** Opening Source material block **
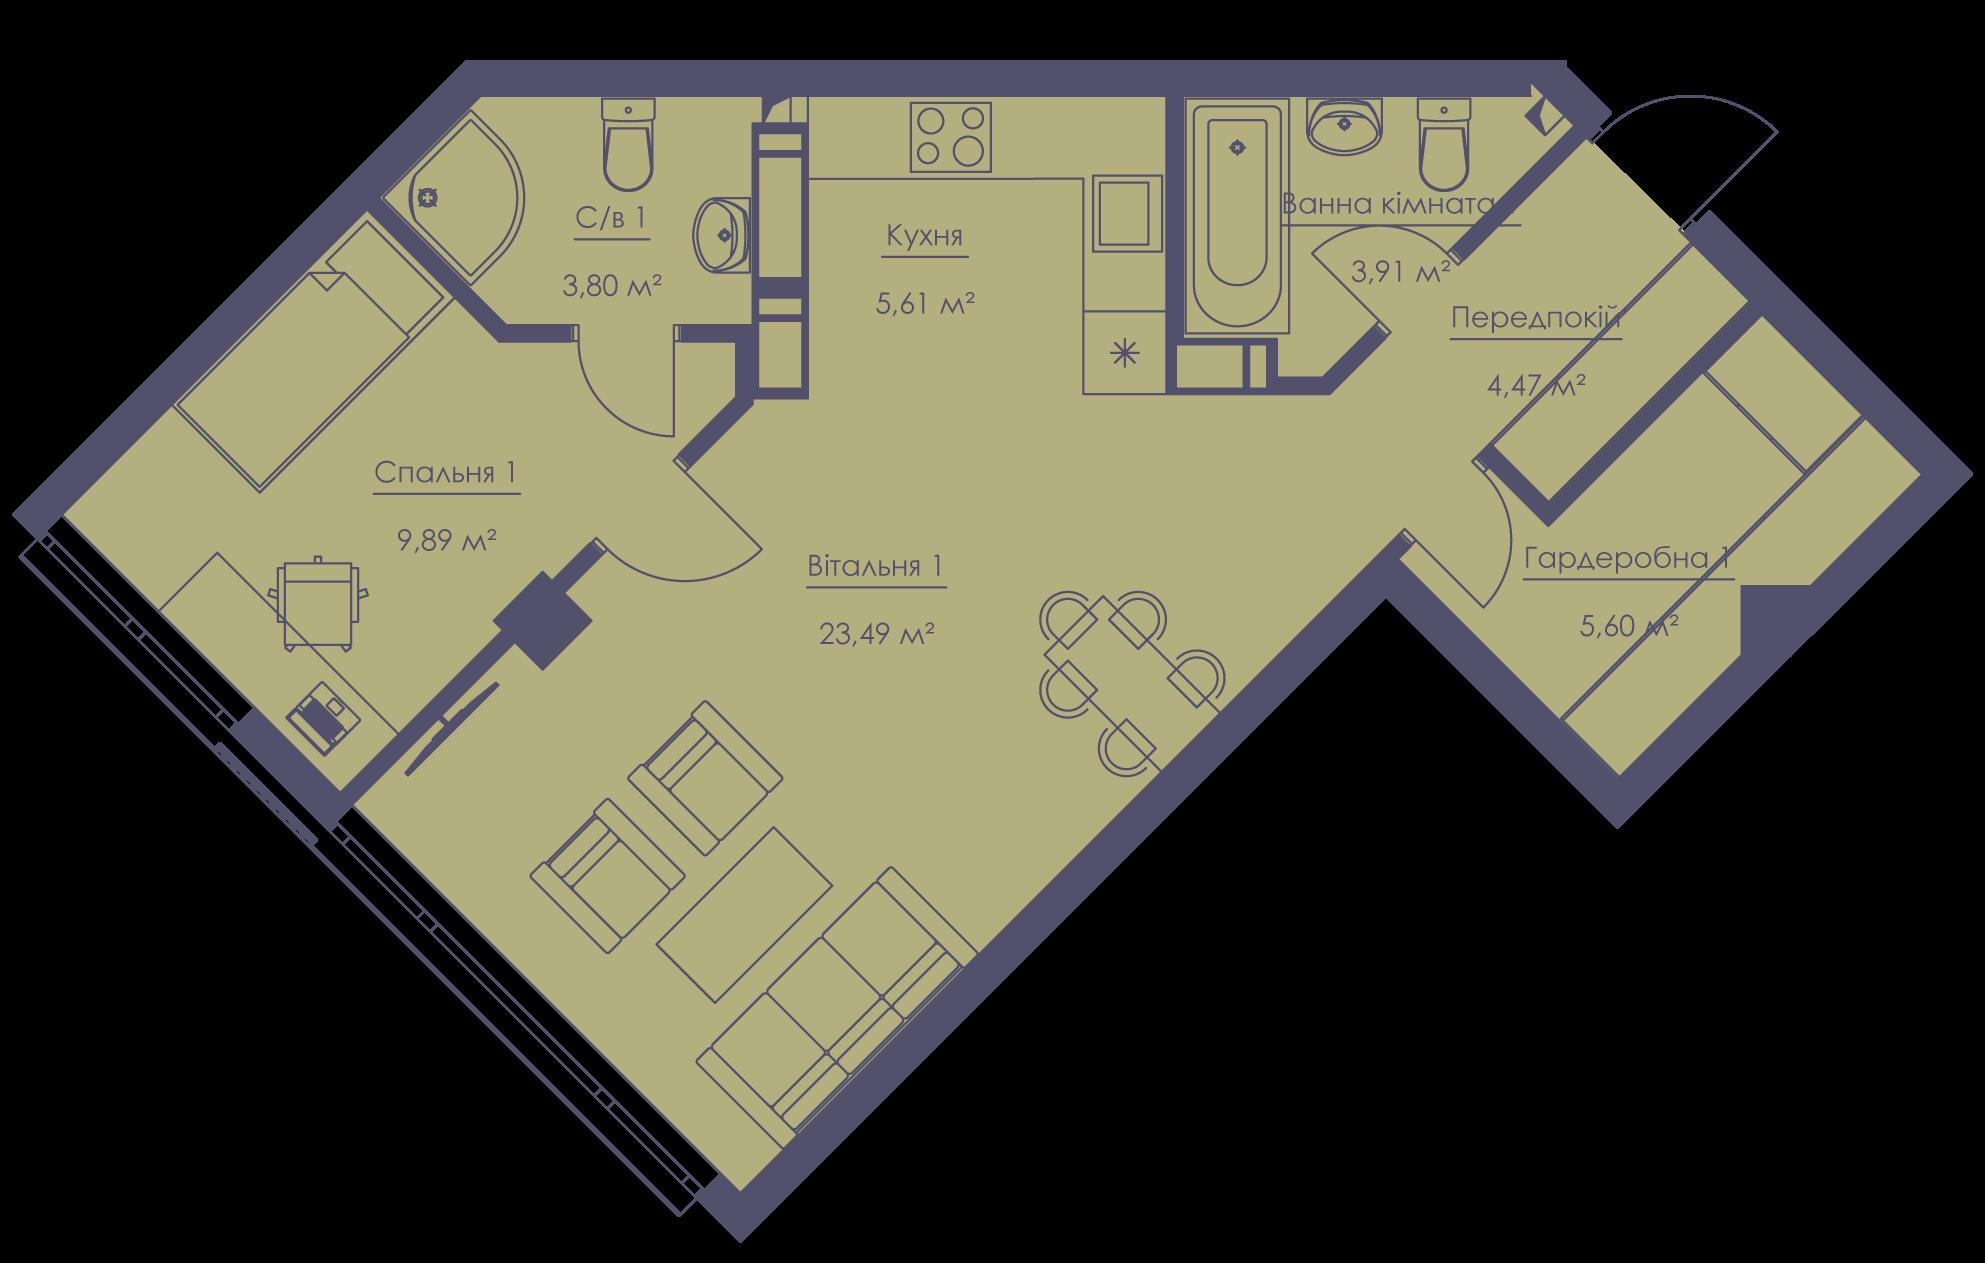 Apartment layout KV_72_2b_1_1_4-1
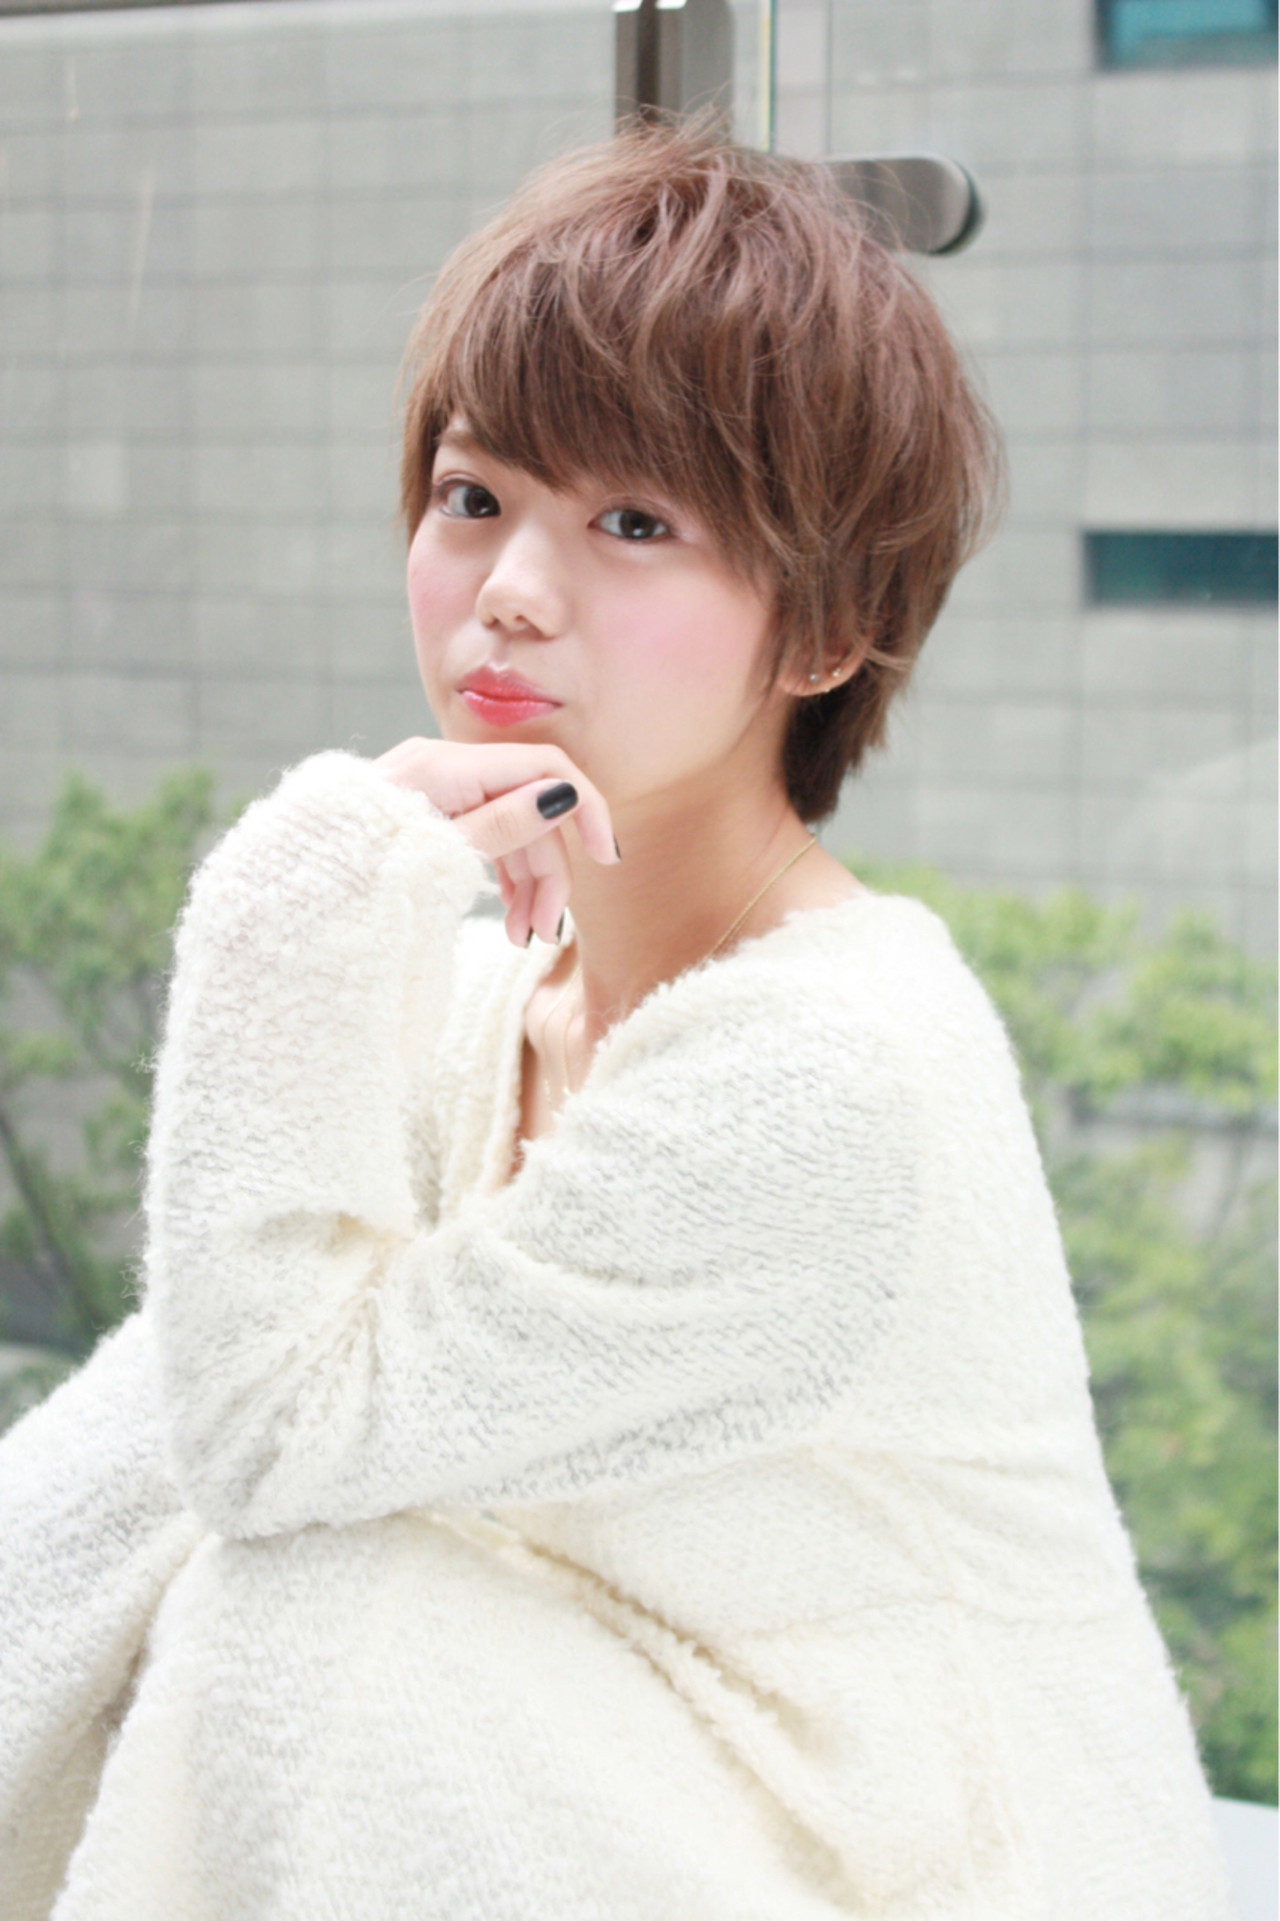 エアリーショートで軽やかな女性に 小本 敬 / kei komoto | 資生堂ビューティーサロン コレド日本橋店
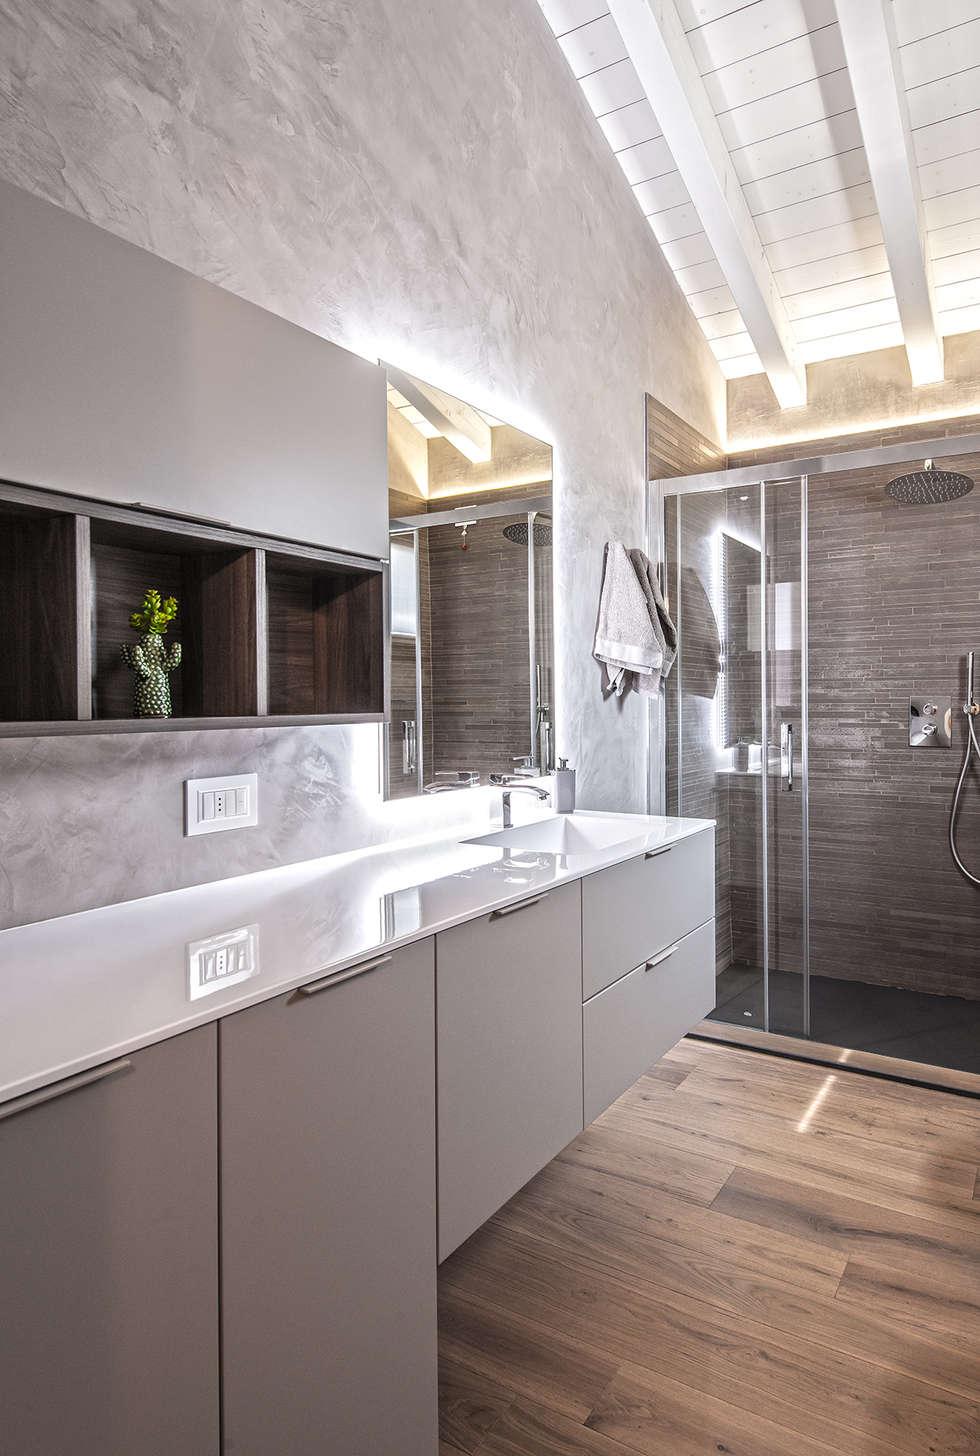 COLORI CHE SCALDANO IL CUORE: Bagno in stile in stile Moderno di Studio Moltrasio - Zero4 Snc
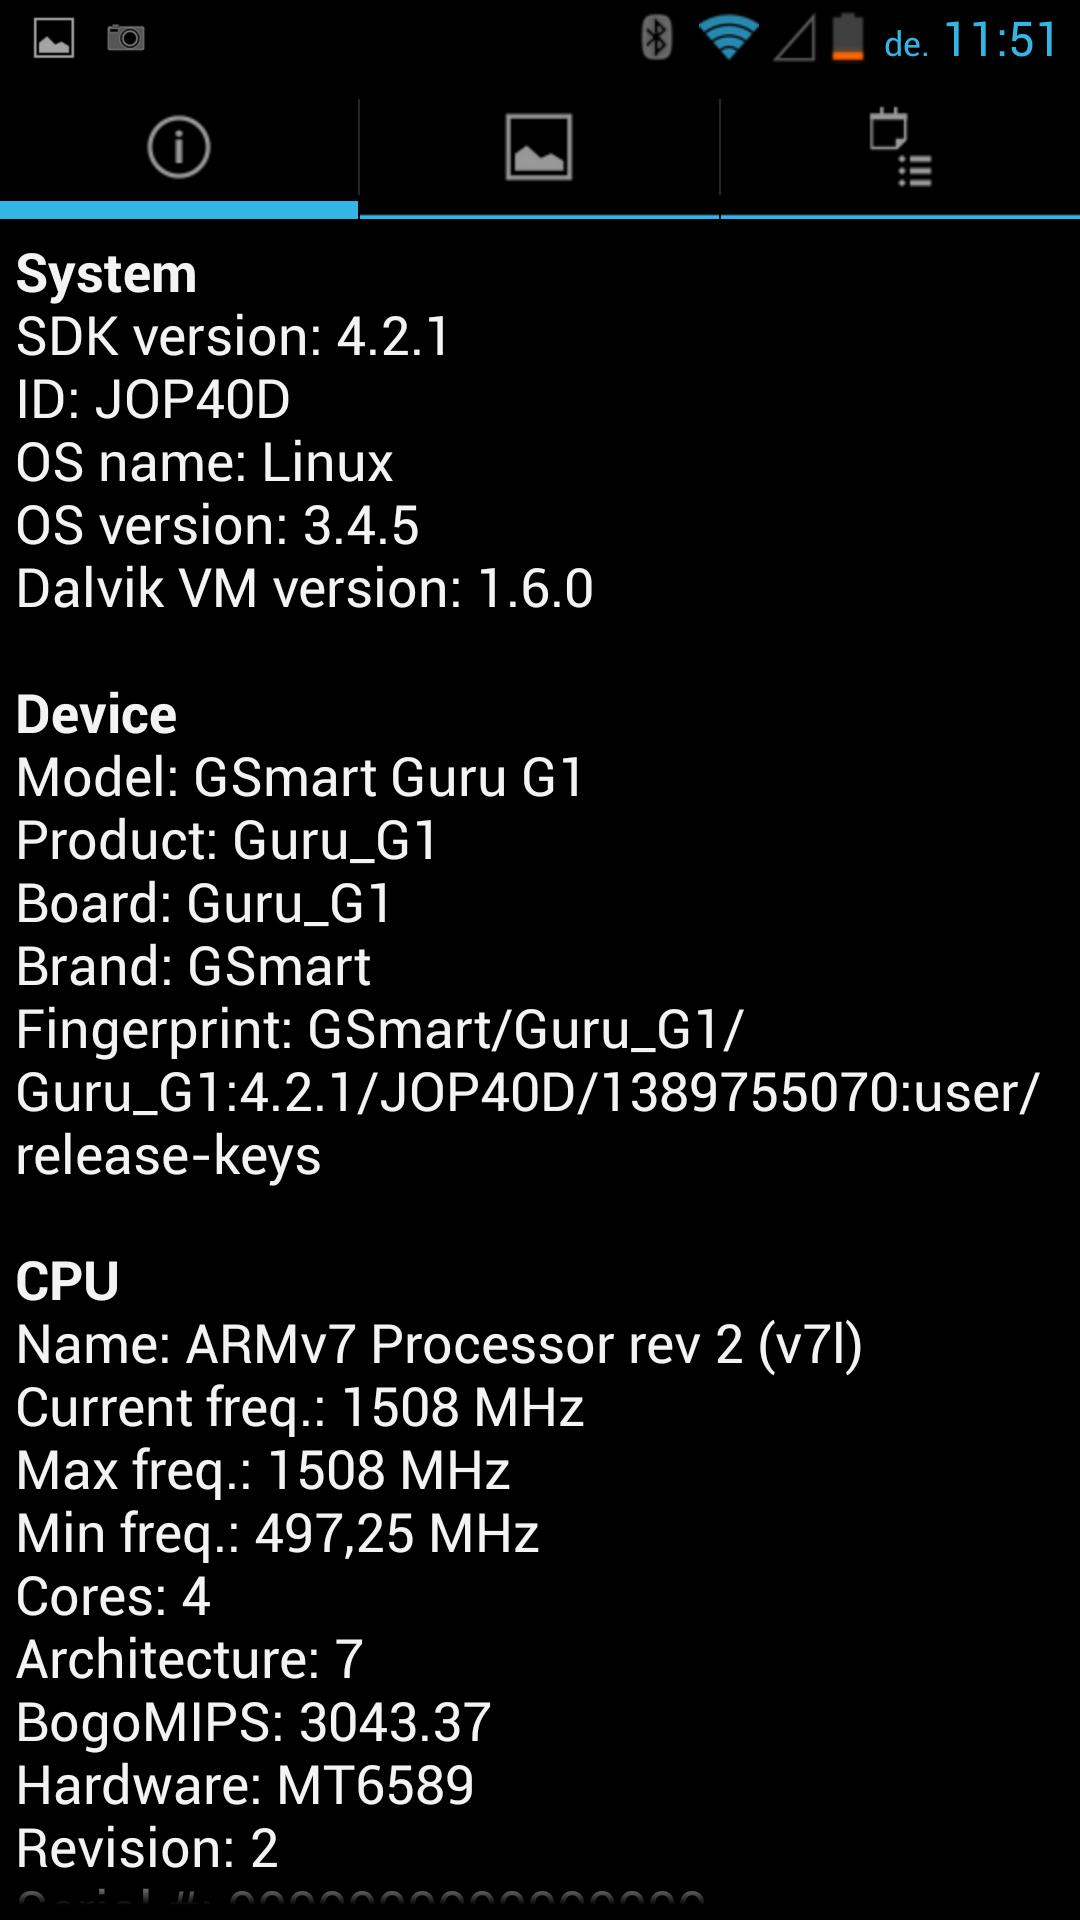 Gigabyte GSmart Guru G1 - Quadrant Benchmark
** Closing Source material block **
▶ [What is being asked] Copy the material above in full and exactly, skipping pictures.

▶ [Exercise output]
 Apartment layout KV_72_2b_1_1_4-1
 エアリーショートで軽やかな女性に 小本 敬 / kei komoto | 資生堂ビューティーサロン コレド日本橋店
 COLORI CHE SCALDANO IL CUORE: Bagno in stile in stile Moderno di Studio Moltrasio - Zero4 Snc
 Gigabyte GSmart Guru G1 - Quadrant Benchmark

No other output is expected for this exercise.